COLLECTED DATA:
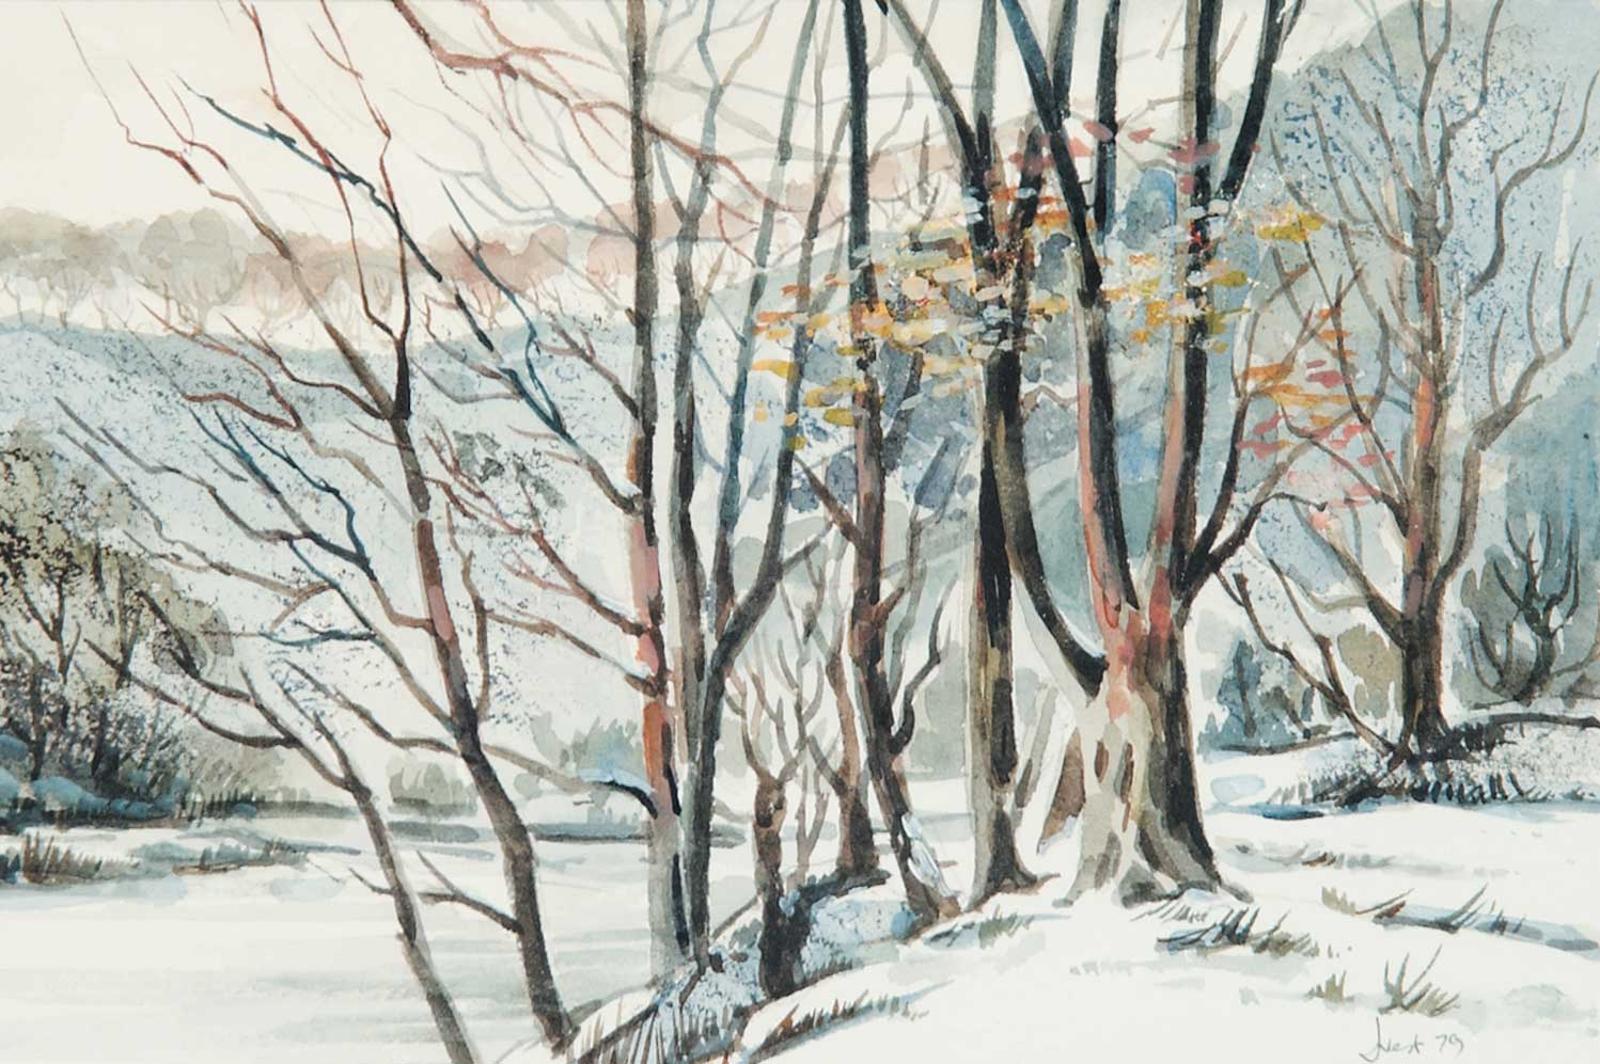 Jim Vest (1939) - Untitled - Winter Creek
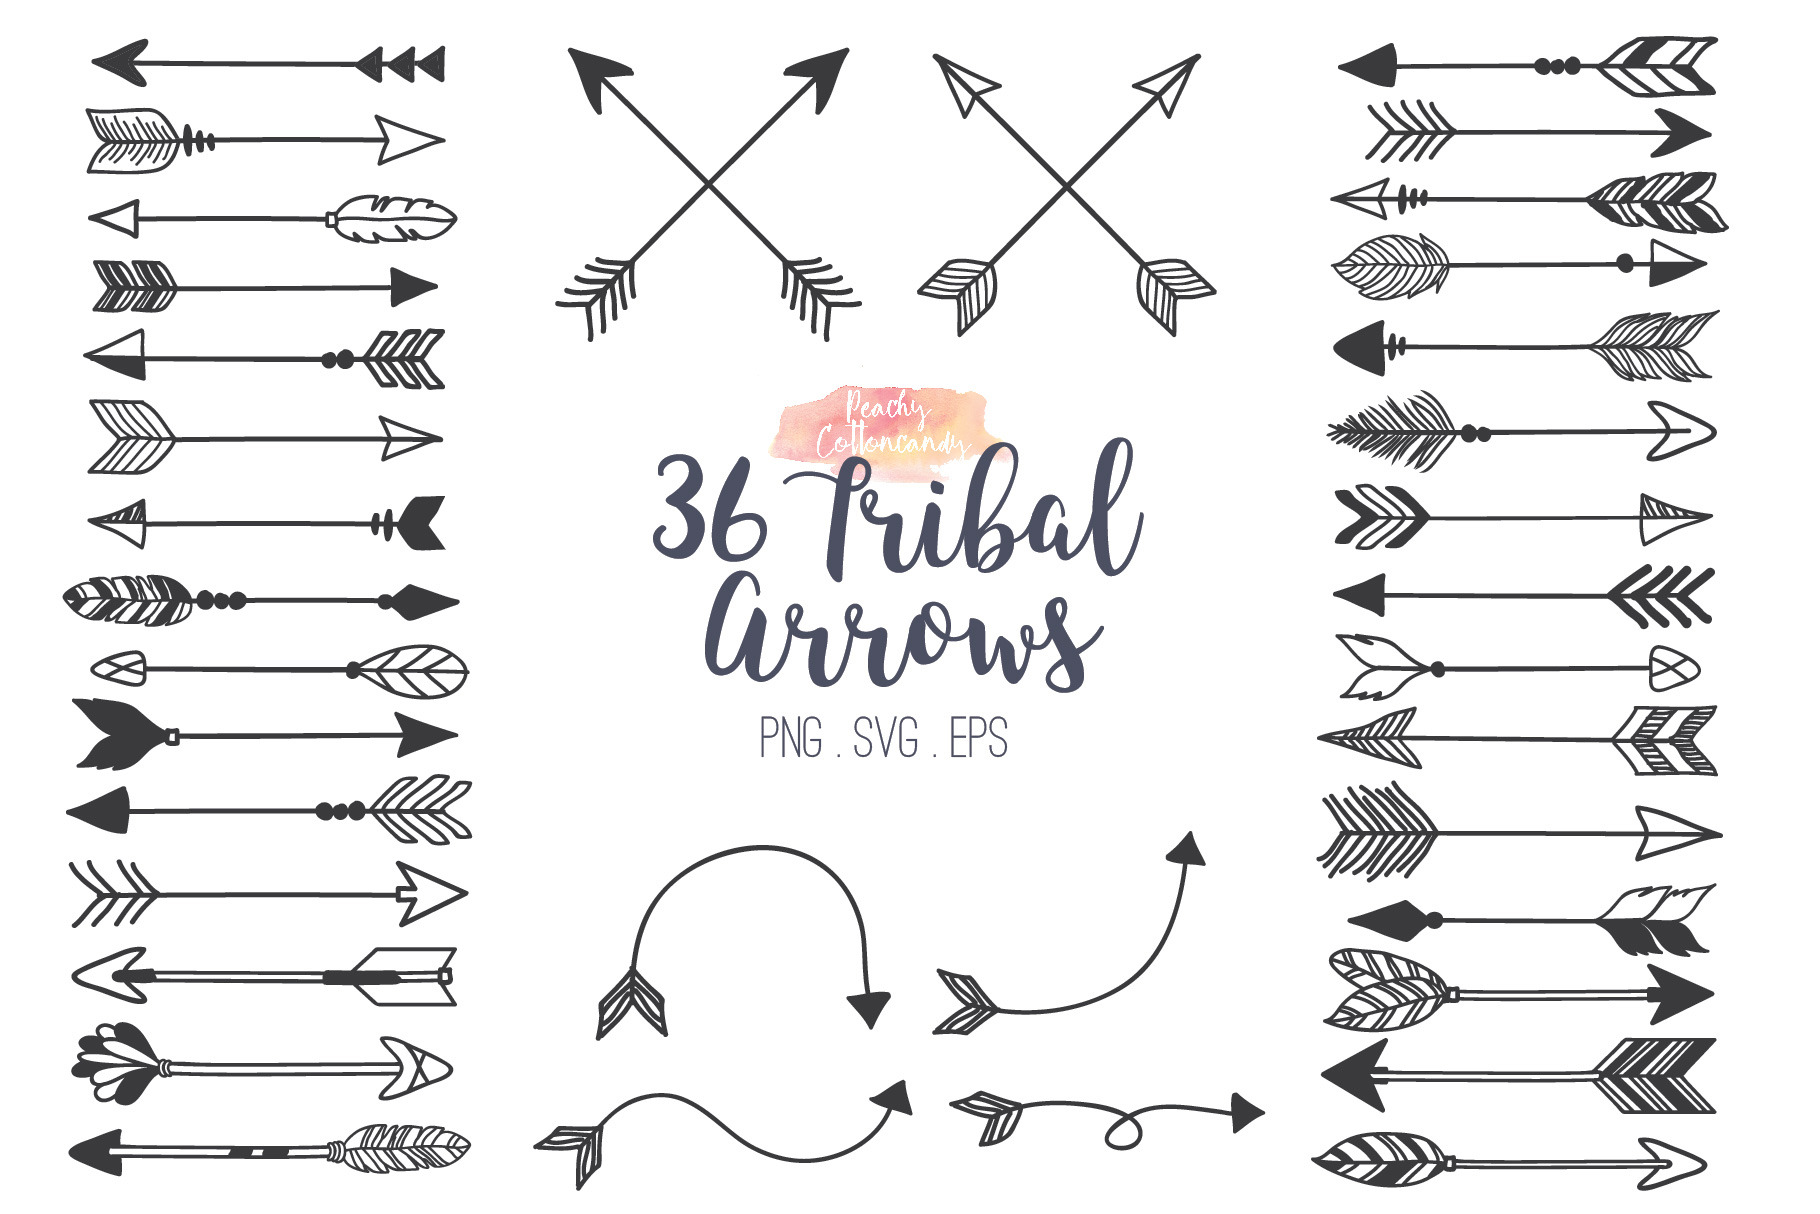 Download Tribal Arrows Clipart ~ Illustrations ~ Creative Market
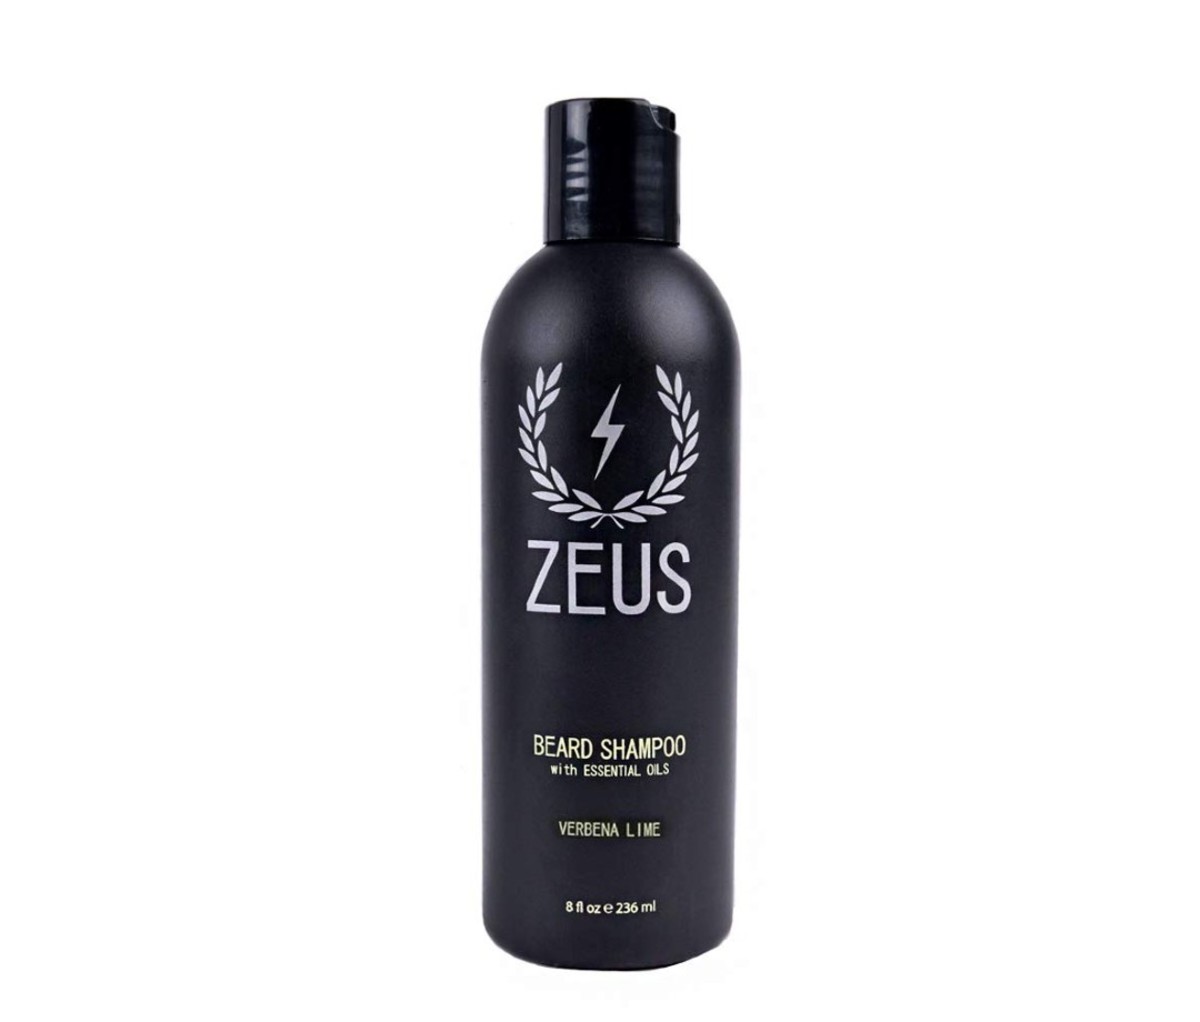 Zeus Beard Shampoo Wash
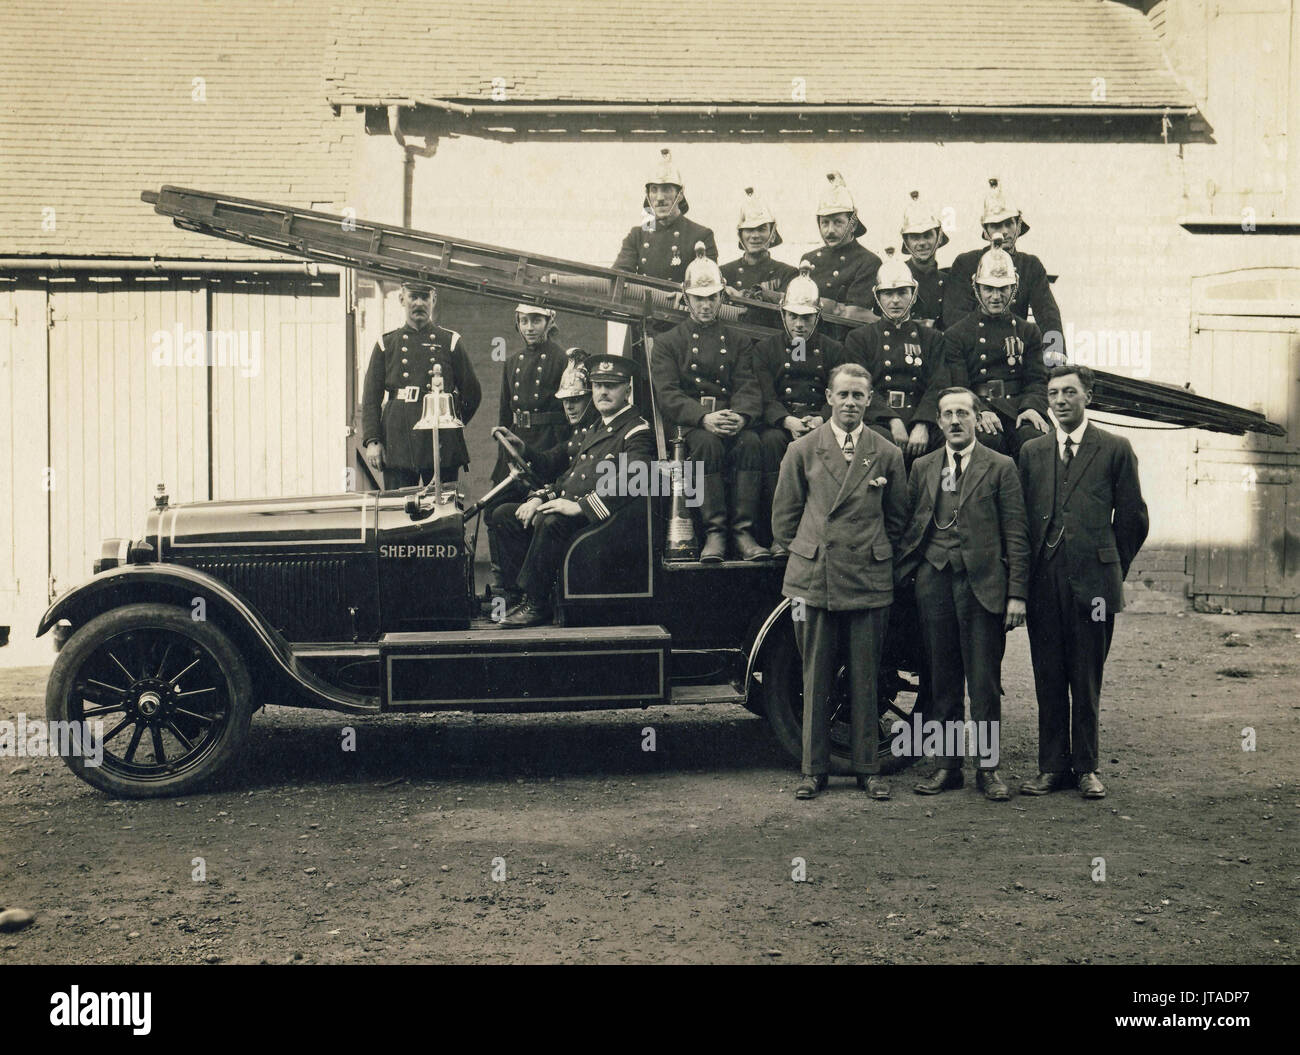 Fire engine, Fire brigade, c1930s, historic archive photograph Stock Photo

PROBLEM DESCRIPTION:
Copy each line above precisely, dropping the pictures.

ANSWER SPACE:
 Jim Vest (1939) - Untitled - Winter Creek
 Download Tribal Arrows Clipart ~ Illustrations ~ Creative Market
 Zeus Beard Shampoo Wash
 Fire engine, Fire brigade, c1930s, historic archive photograph Stock Photo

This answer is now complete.